Some scientists, like UC-Davis's Maddi and Wisconsin's Farley, concentrate on risk taking primarily as a cognitive or behavioral phenomenon. Maddi sees risk taking as an element of a larger personality dimension he calls "hardiness," which measures individuals' sense of control over their environment and their willingness to seek out challenges. Farley regards risk-taking more as a whole personality type. Where other researchers speak of Type A and B personalities, Farley adds Type T, for thrill seeking. He breaks Type-T behavior into four categories: T-mental and T-physical, to distinguish between intellectual and physical risk taking; and T-negative and T-positive, to distinguish between productive and destructive risk taking.

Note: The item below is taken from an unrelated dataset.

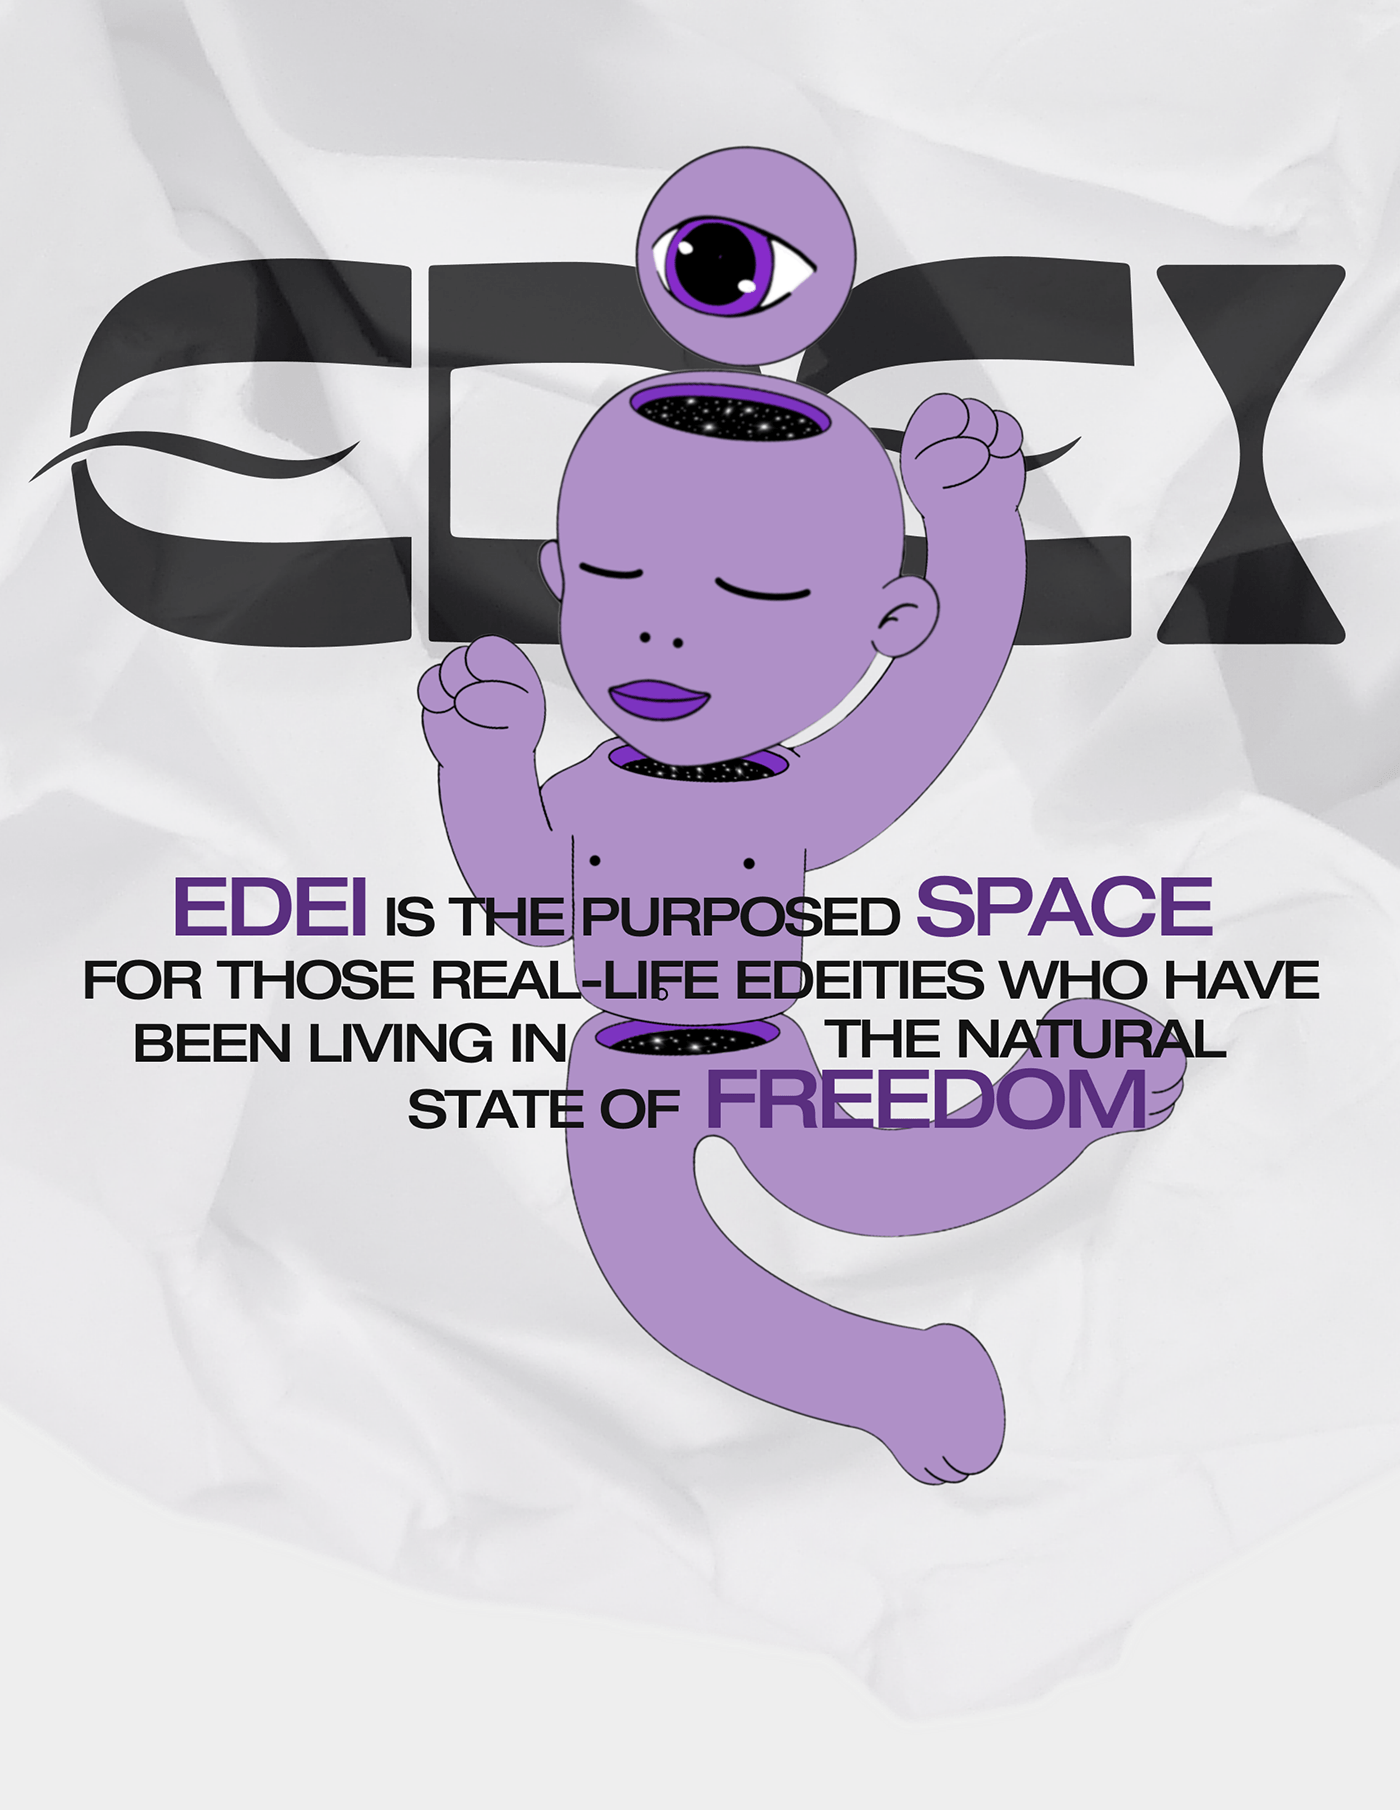 EDEI is the purposed space for those real-life Edeities who have been living in the state of freedom

A second line of research focuses on risks biological roots. A pioneer in these studies is psychologist Marvin Zuckerman at the University of Delaware. He produced a detailed profile of the high-sensation seeking (HSS) personality. HSS individuals, or "highs," as Zuckerman calls them, are typically impulsive, uninhibited, social, and tend toward liberal political views. They like high-stimulus activities, such as loud rock music or pornographic or horror movies, yet are rarely satisfied by vicarious thrills. Some level of actual risk--whether physical, social, or legal-seems necessary. Highs tend to be heavy bettors. They may try many kinds of drugs and favor sports like skiing or mountain climbing to running or gymnastics. Highs also show a clear aversion to low-sensation situations, otherwise known as boredom.